Tumblr’s Grand Plan to Generate $100 Million This Year and Get Profitable

  • According to Business Insider, Tumblr is the 9th most visited site in the US, but the 162-person company hasn’t figured out how to properly monetize itself. That’s partly because its founder, David Karp, is very against running banner ads on the network. So the company is trying more creative ways to partner with sponsors.
  • Tumblr’s latest money making scheme will roll out in the next few months, and it will focus on mobile advertising. Vice President Derek Gottfrid tells Bloomberg that Tumblr has been testing a pay-per-view model, where sponsors pay to get their content seen by more mobile users. Media companies such as Gawker and BuzzFeed are finding success with similar pay-per-view, viral ad products.
  • Coca Cola, Target and Adidas have all tried promoted content campaigns on Tumblr. Gottfrid says the average spend is just under six figures. Last year, Tumblr generated about $13 million, and it hopes to bring in $100 million in 2013. But if campaigns are less than $100,000 each, the company has a long way to go.

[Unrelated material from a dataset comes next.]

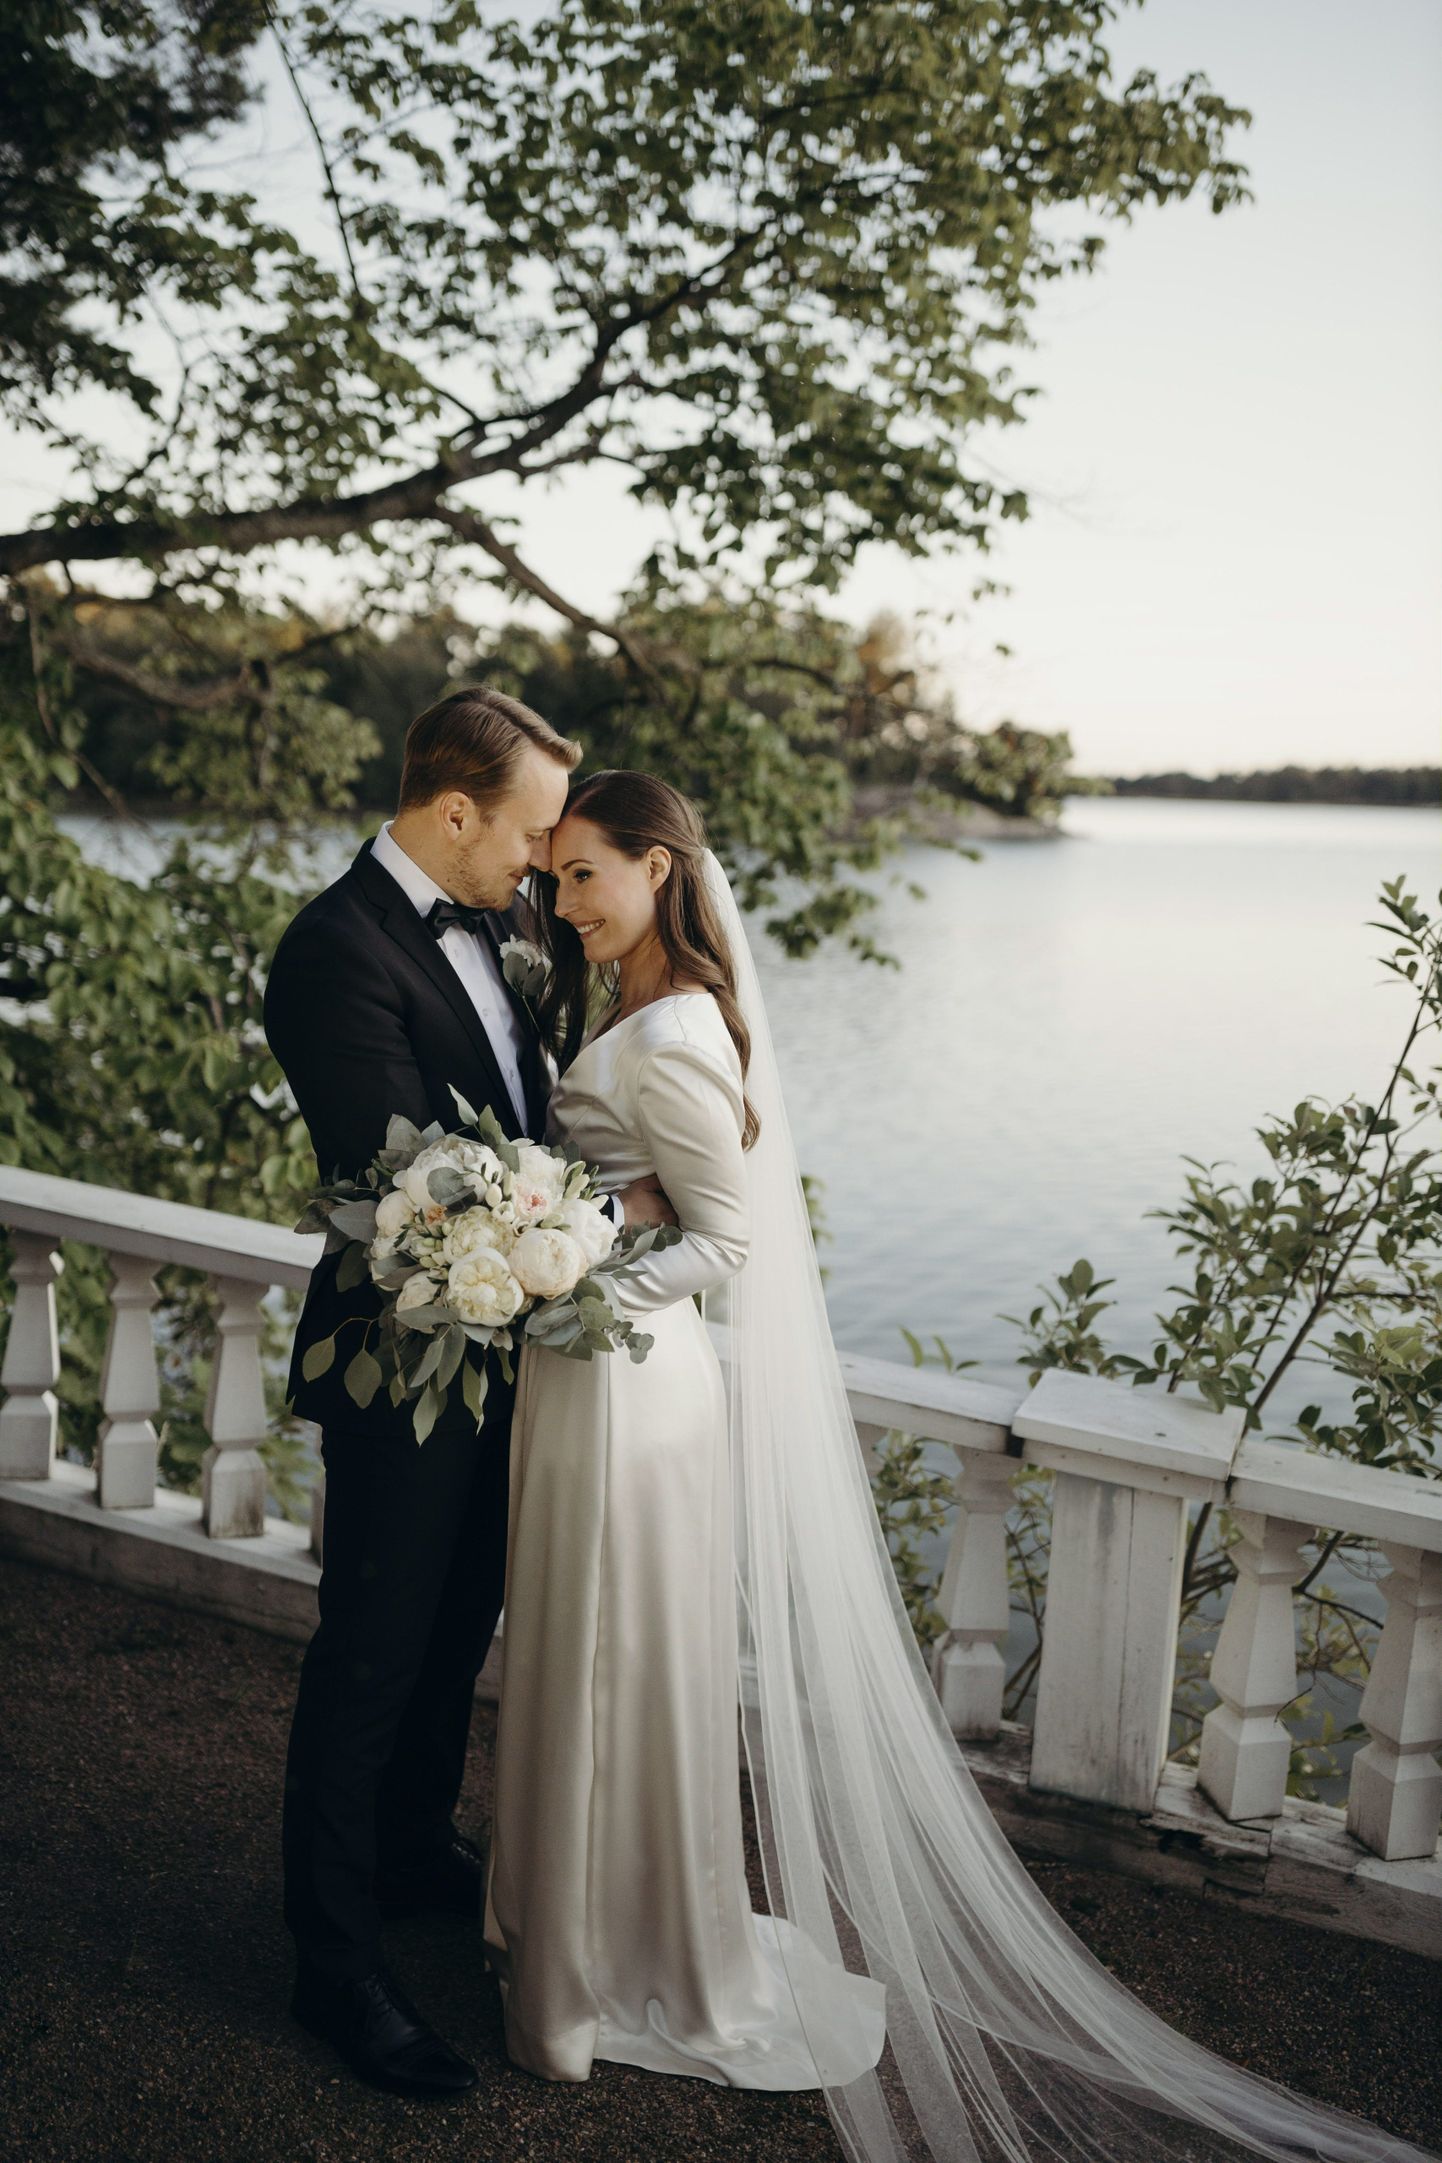 Soome peaminister Sanna Marin ja ta abikaasa Markus Räikkönen nende pulmafotol

Texas Proposes One of the Nation’s “Most Sweeping” Mobile Privacy Laws

  • ARS Technica reports that privacy experts say that a pair of new mobile privacy bills recently introduced in Texas are among the “most sweeping” ever seen. And they say the proposed legislation offers better protection than a related privacy bill introduced this week in Congress.
  • If passed, the new bills would establish a well-defined, probable-cause-driven warrant requirement for all location information. That’s not just data from GPS, but potentially pen register, tap and trace, and tower location data as well. Such data would be disclosed to law enforcement “if there is probable cause to believe the records disclosing location information will provide evidence in a criminal investigation.”
  • “Location information can reveal a great deal about an individual’s professional and personal life—her friends and associates, her participation in political or religious activities, her regular visits to a health clinic or support group, and more,” said Chris Conley, an attorney with the ACLU of Northern California. “That’s why we think it is essential that the government get a search warrant, approved by a judge, before demanding this kind of information from cell phone providers… This kind of transparency is essential to carry on an informed dialog about appropriate law enforcement powers in the modern world.”